Not maybe. Probably. 
Vitamin A, D and more than likely---a serious calcium deficiency as well. 
Ask your vet about Rickets. 
The bigger ? is why, considering the rest of the calf herd seems to be doing ok.




> Get her blood tested to see what else is lacking.


x2, and I wouldn't waste much time getting it done--from your description, that calf is in bad shape--and recovery is going to be fairly slow if it is a ricket type illness.


----------



## WildRoseBeef (Jul 5, 2012)

The one thing I'd also really like to know is if these calves are getting mineral supplementation and what type.  Greybeard, you say you're surprised that none of the other calves are showing and nutrient/mineral deficiency symptoms, but I have a hunch that they may appear to be healthy but may be--no, wait, probably-- deficient in some nutrients (vitamins and minerals) themselves, they're just not showing the obvious symptoms yet.  But I'm absolutely certain the calf is Phosphorus deficient, there's no question especially with the wood chewing and that.  And I also wonder if the cow is even producing enough milk for this calf??   Herefords are known to have mommas that produce not very much milk, and if her momma isn't producing much milk, something may be wrong with the cow as well.

So many possibilities and unknowns here...also, what vitamins did she get IV for??

And another thought: the calf could also have a form of White Muscle Disease, or Selenium deficiency....


----------



## greybeard (Jul 5, 2012)

I didn't say I was surprised the rest of the calf herd is ok, I said he needs to find out why this particular calf is affected and none of the rest seem to be.  IOW--what is different about this one?

Defenciencies can be misleading. We always immediately assume the vits or trace minerals aren't available to the animal (or plant)  but sometimes, there's more going on than that.  The deficiency can be an effect or symptom instead of a cause.  It may well be a matter of the calf not being able to metabolize what it is getting, even tho it has plenty available to it. 

There may also--as you said, be something afoot with the momma cow.

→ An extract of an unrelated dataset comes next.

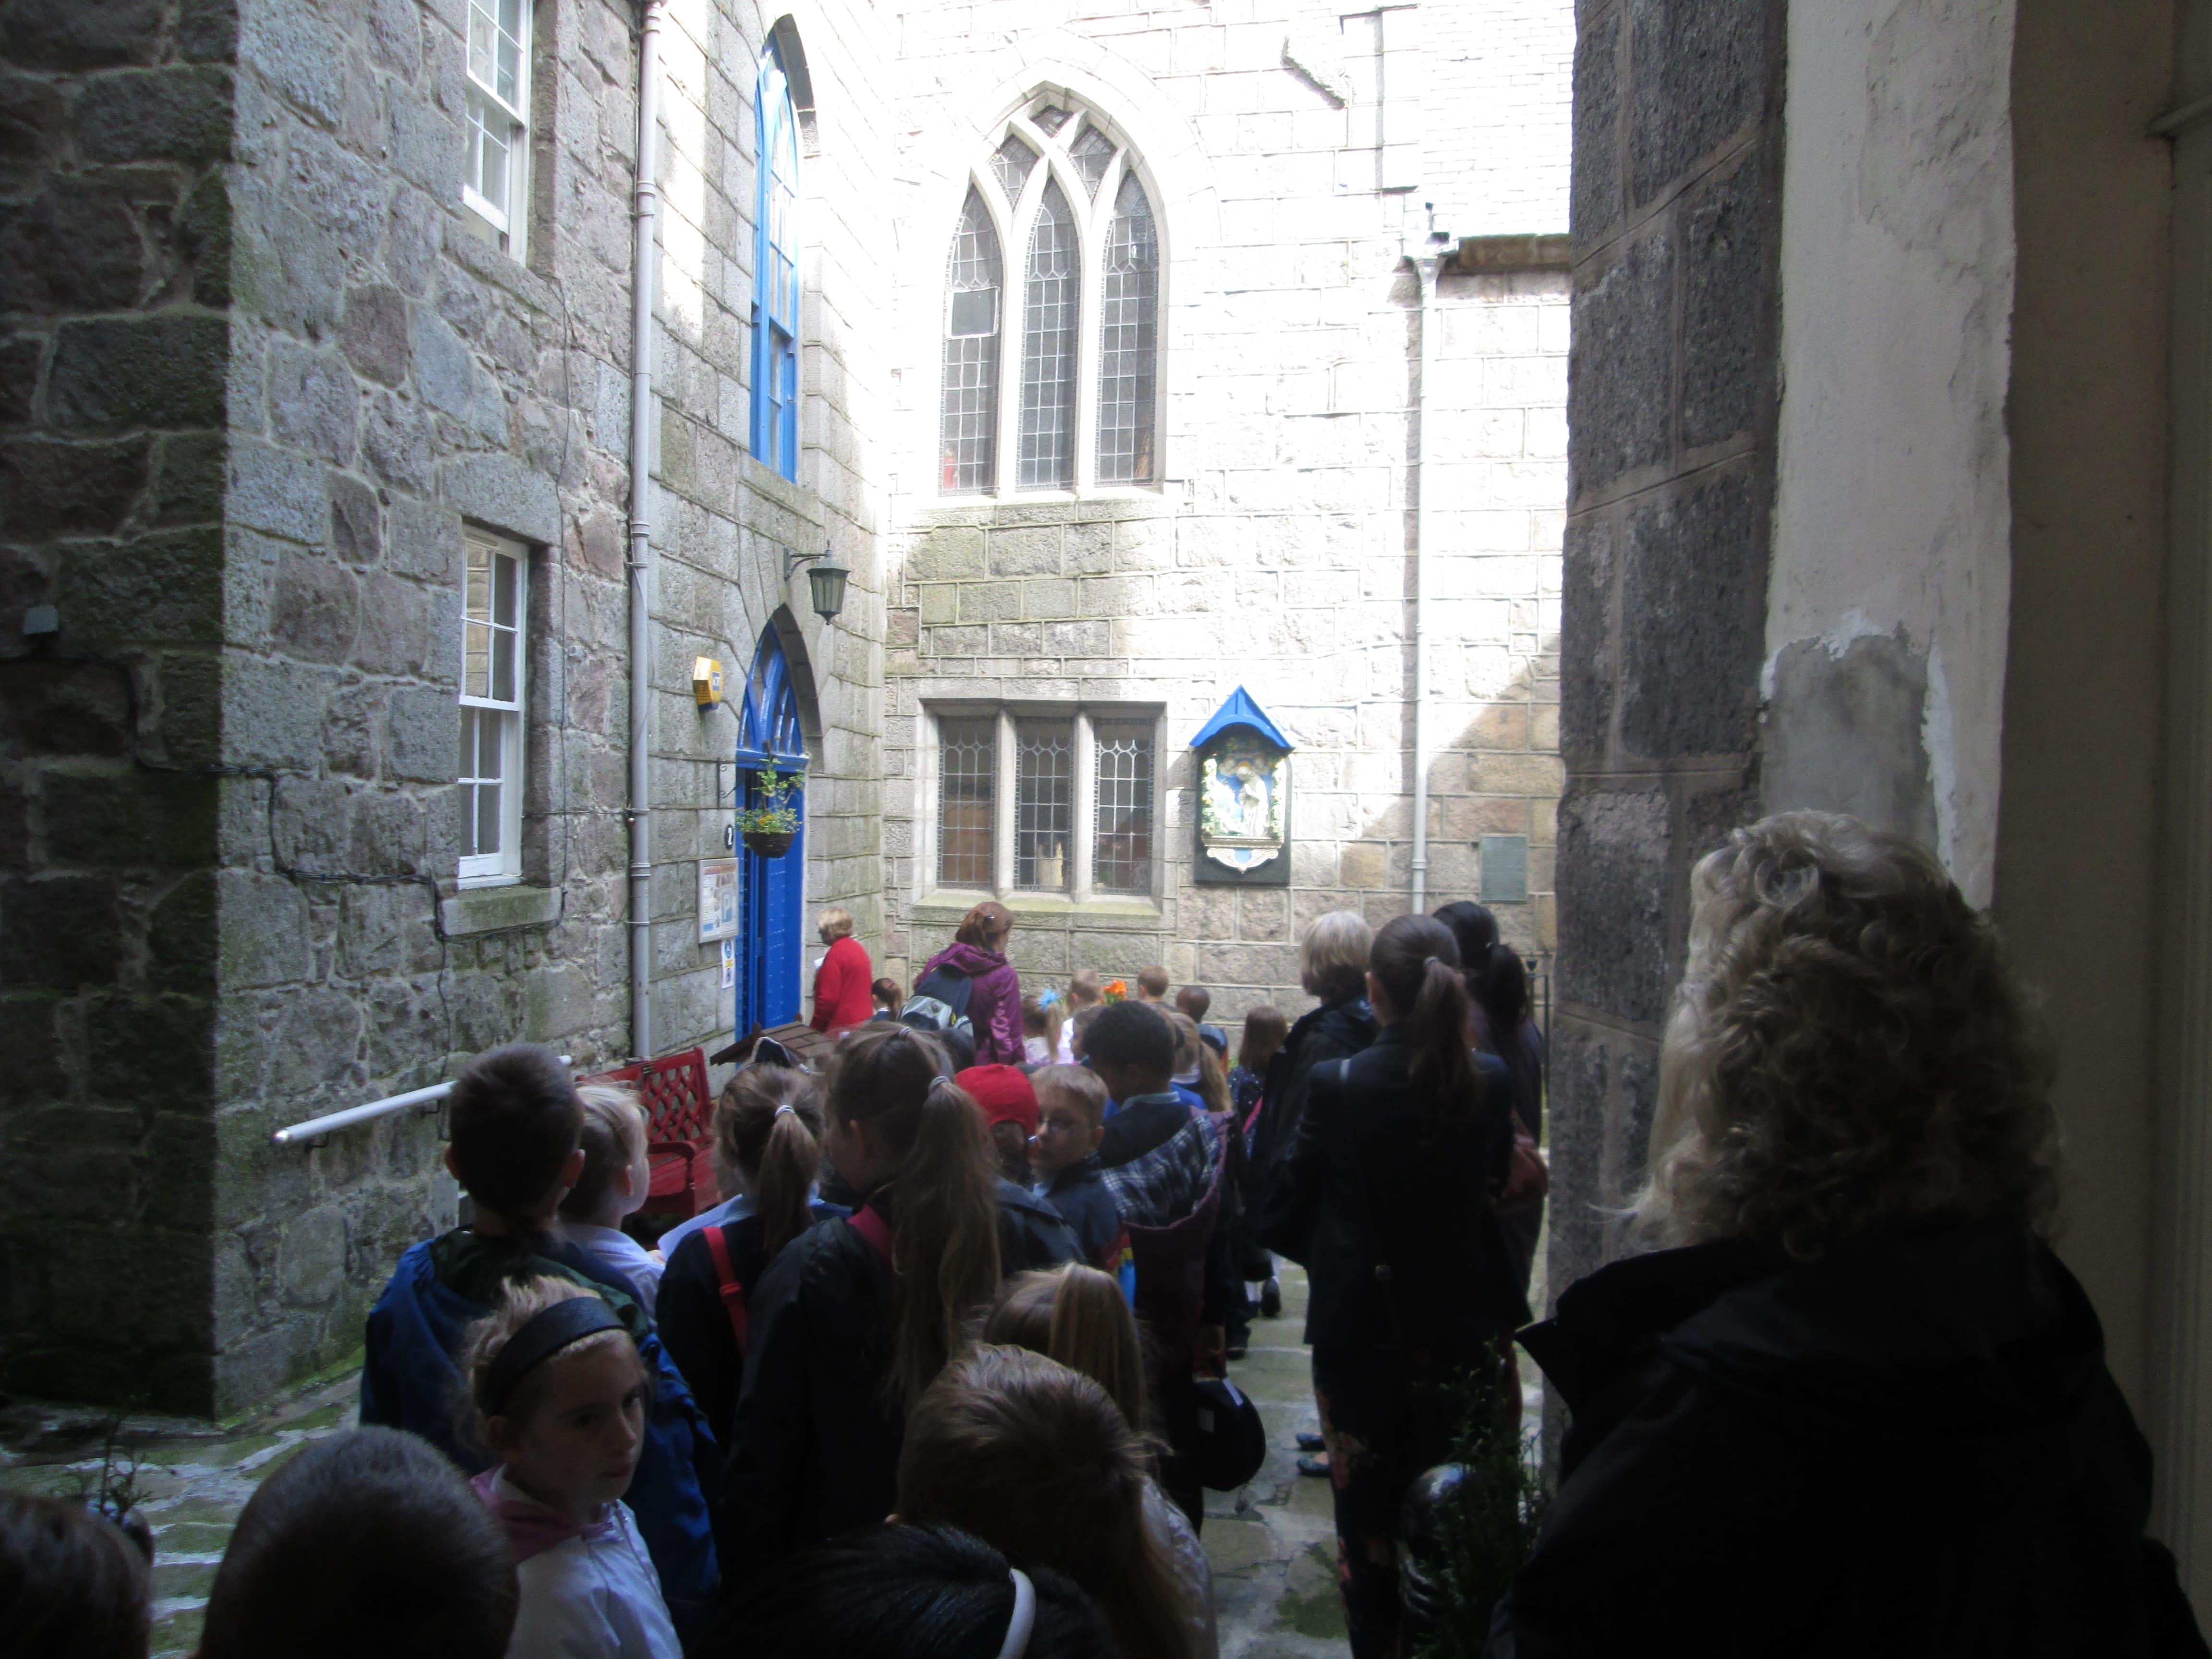 P3 Sacrament of Reconciliation and Maritime Museum

Normally, a mother in any mammallian  species, will produce via milk what the calf needs--even at the expense of what her own body needs, but sometimes, that doesn't hold true, and the momma cow's needs "take precedence".  In that regard, since it was stated that the cow gave birth to a healthy calf last year, (and we assume nursed it to weaning age) either there is nothing wrong with the momma cow, or something has happened since last year's healthy calf. 

There's just not enough info stated or known to specifically nail this down. 
Check the calf's joints---swollen--tender?


----------



## redtailgal (Jul 5, 2012)

Check her mouth for deformities.

Chewing on wood....could be characteristic of pain.

Glucose water......why?  was there blood work indicating that she has a glucose problem?  In my lifetime, I have euth'd two calves due to a diabetes type illness.  Both were Hereford.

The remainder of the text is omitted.